**Your task**
Without the pictures, can you quote each line below exactly?

**Stored data**
..............................
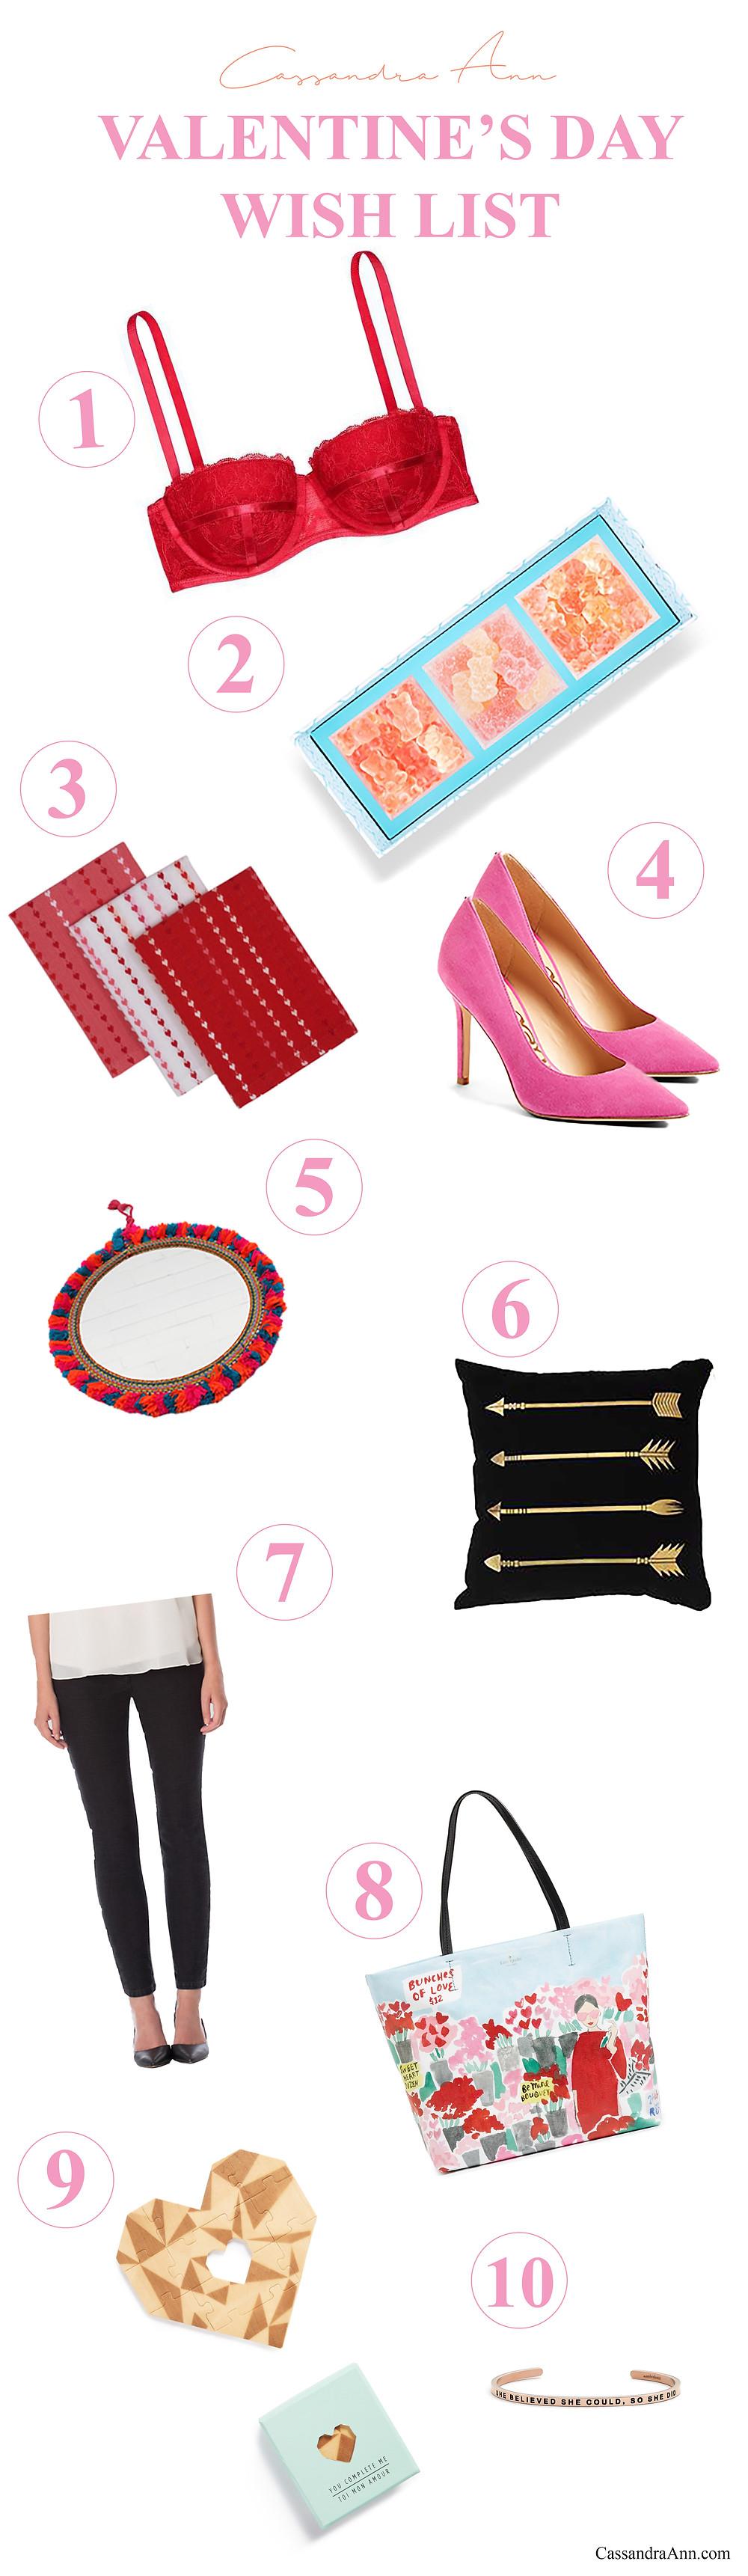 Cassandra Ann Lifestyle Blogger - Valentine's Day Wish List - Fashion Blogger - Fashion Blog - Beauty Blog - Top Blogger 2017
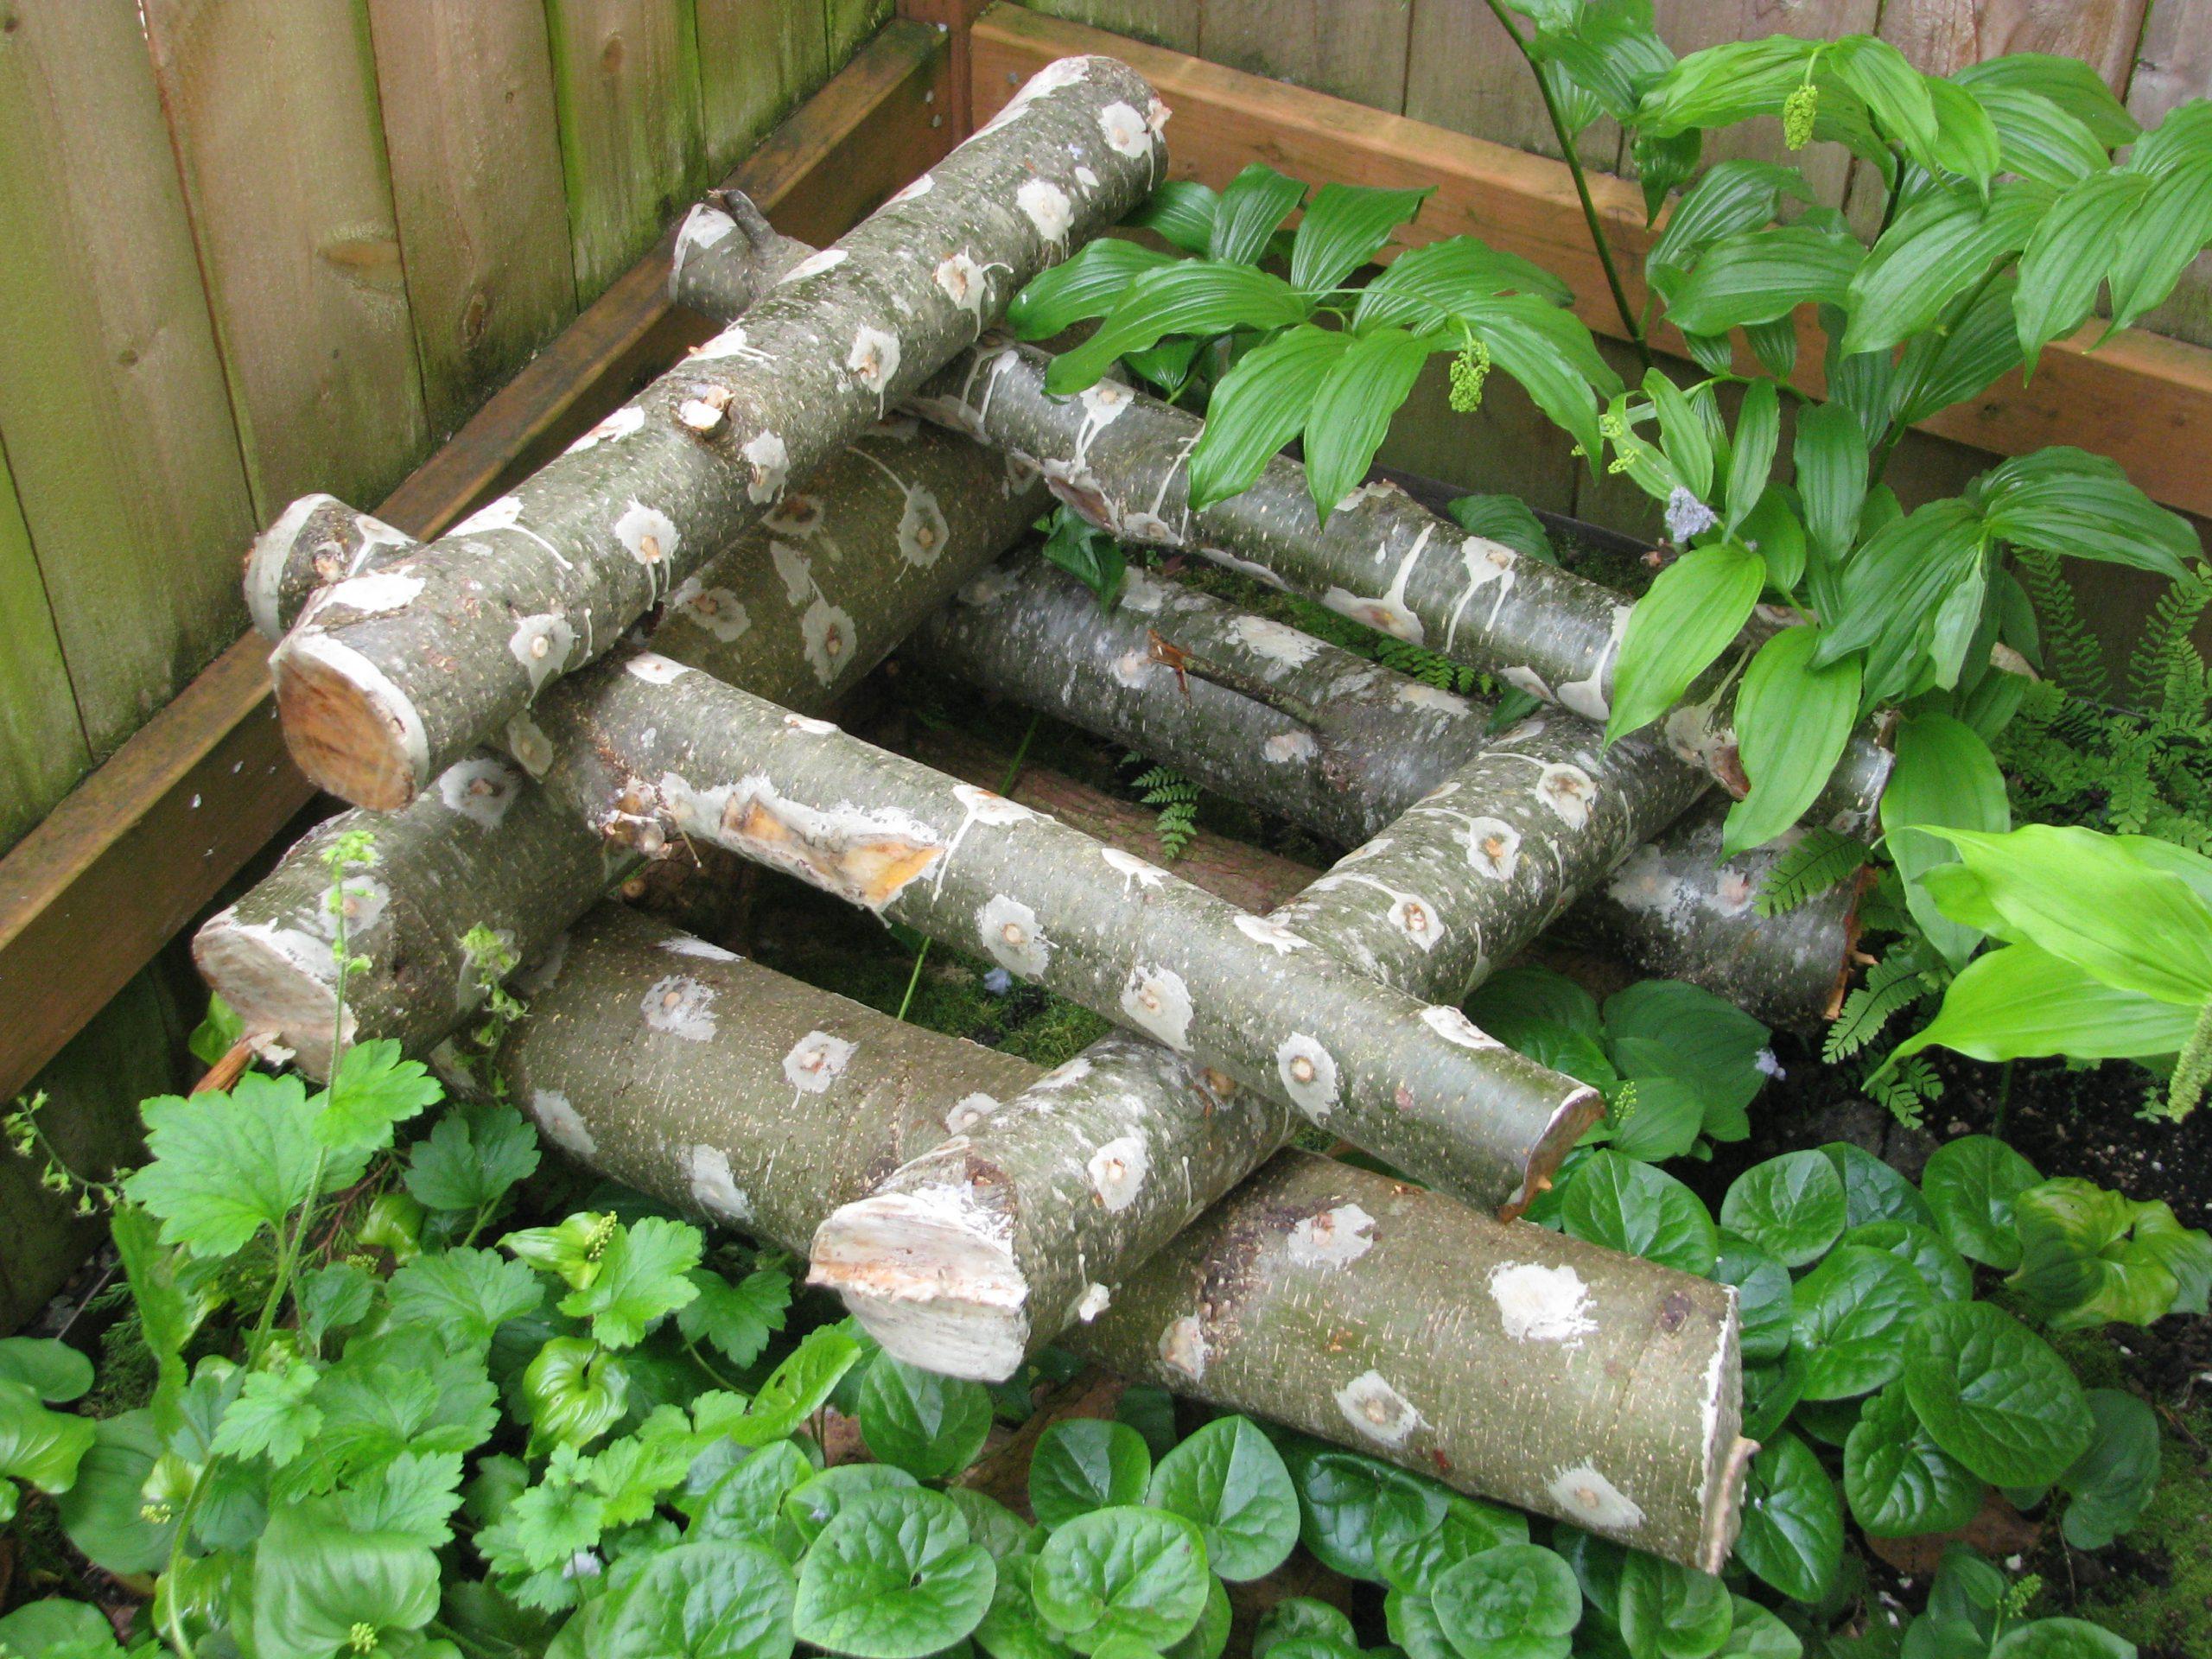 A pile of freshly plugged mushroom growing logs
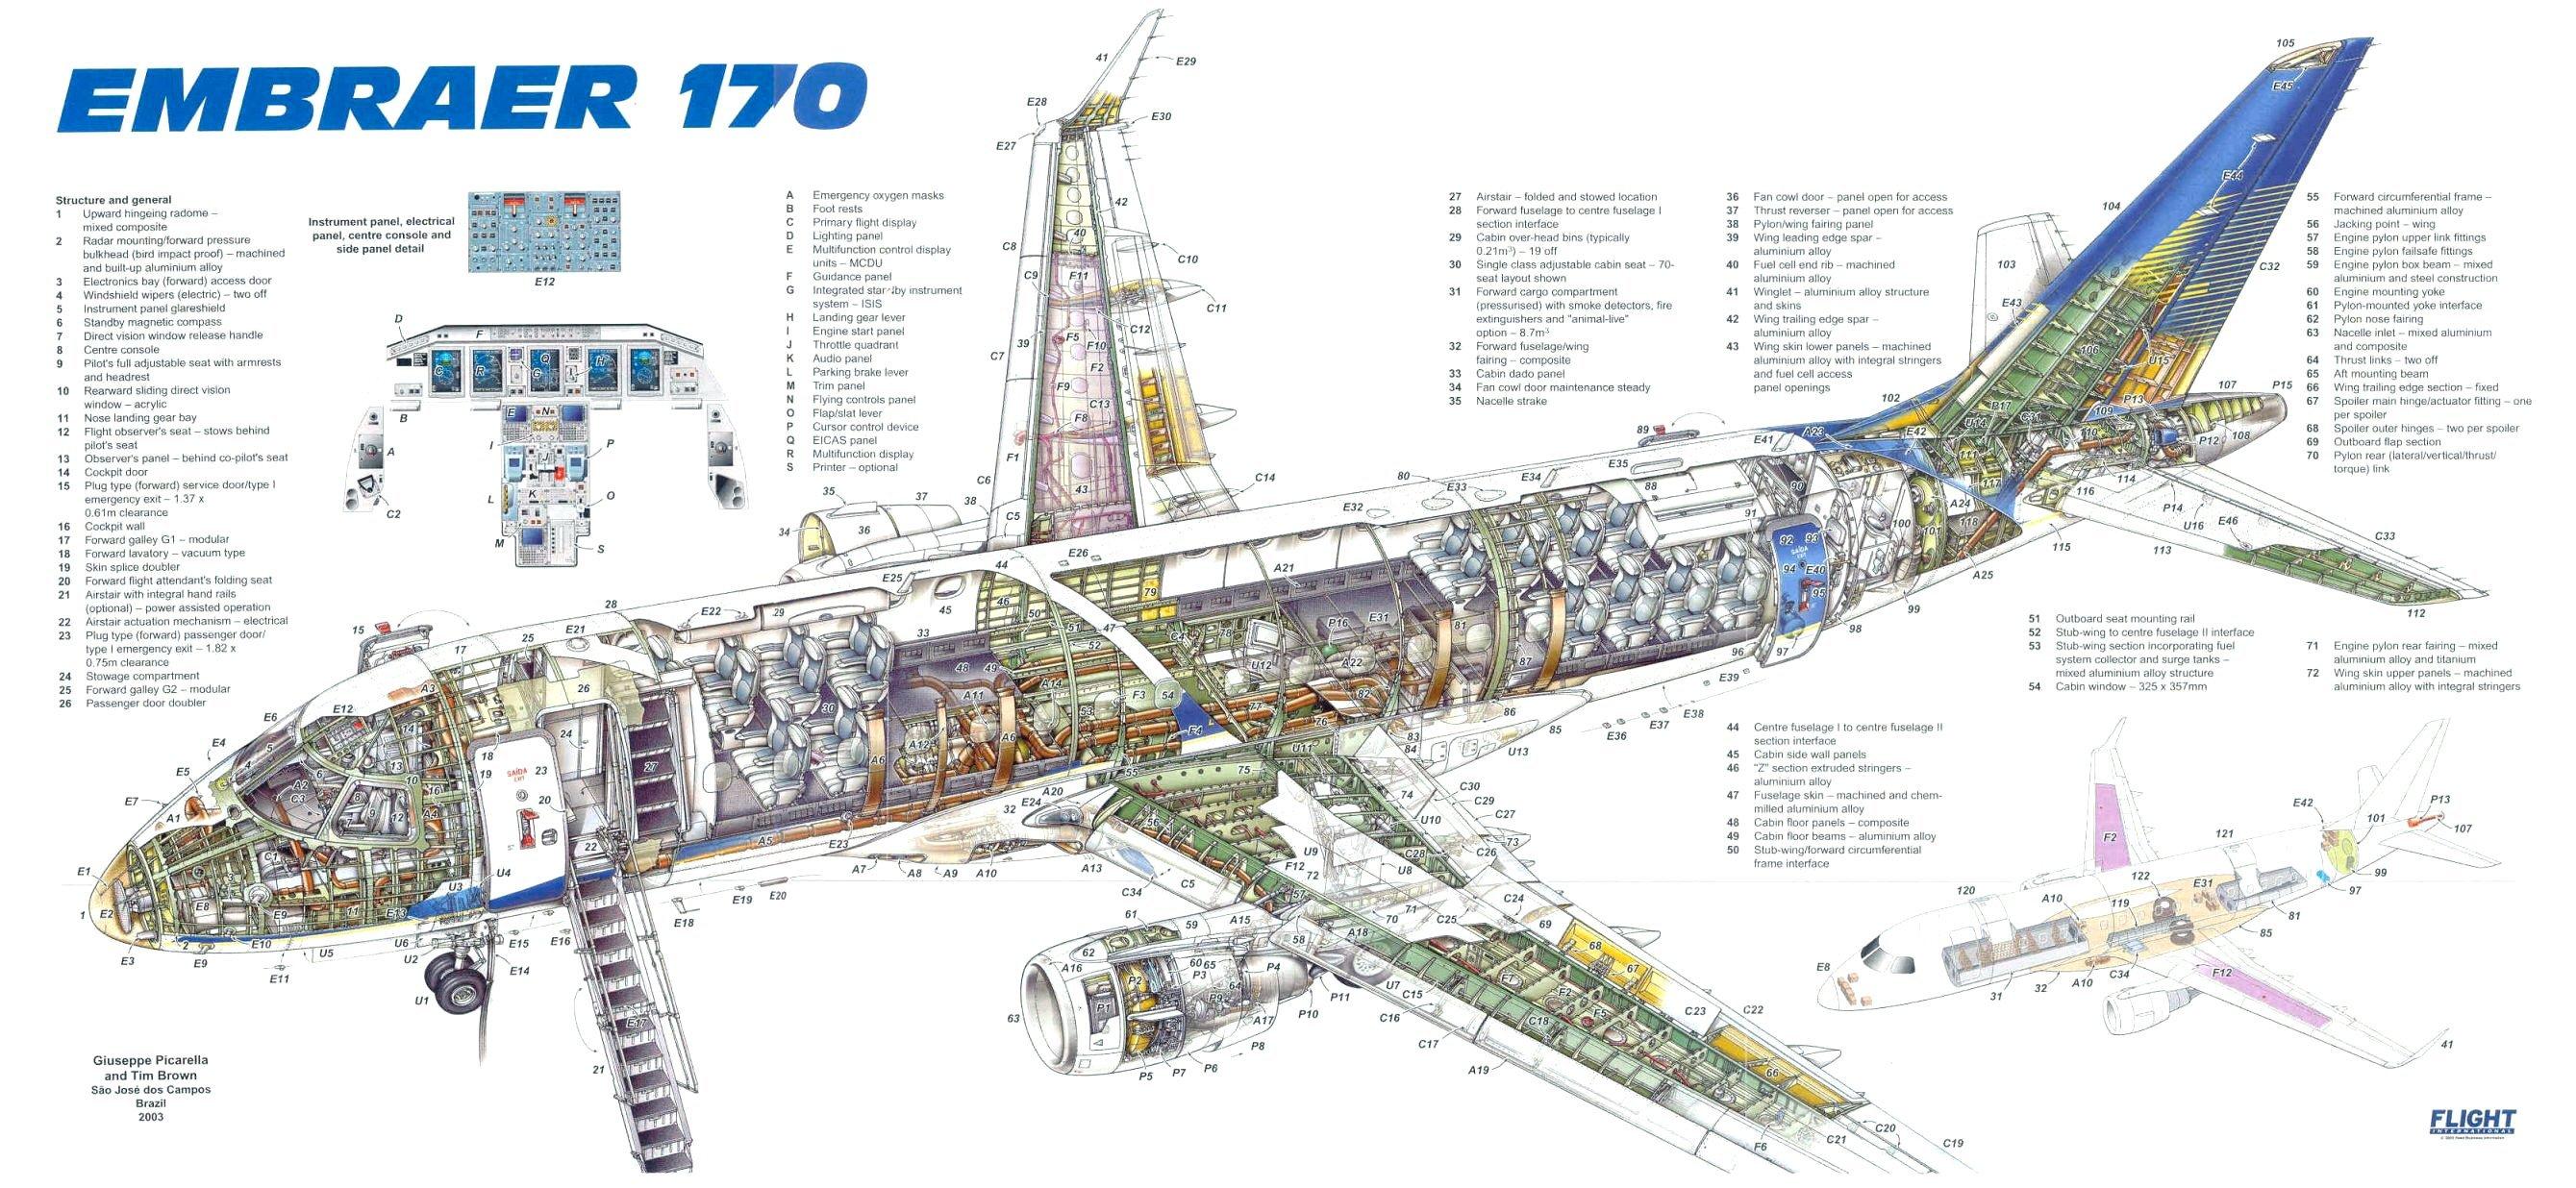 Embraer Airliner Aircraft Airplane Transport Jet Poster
..............................
**Answer below**
 Cassandra Ann Lifestyle Blogger - Valentine's Day Wish List - Fashion Blogger - Fashion Blog - Beauty Blog - Top Blogger 2017
 A pile of freshly plugged mushroom growing logs
 Embraer Airliner Aircraft Airplane Transport Jet Poster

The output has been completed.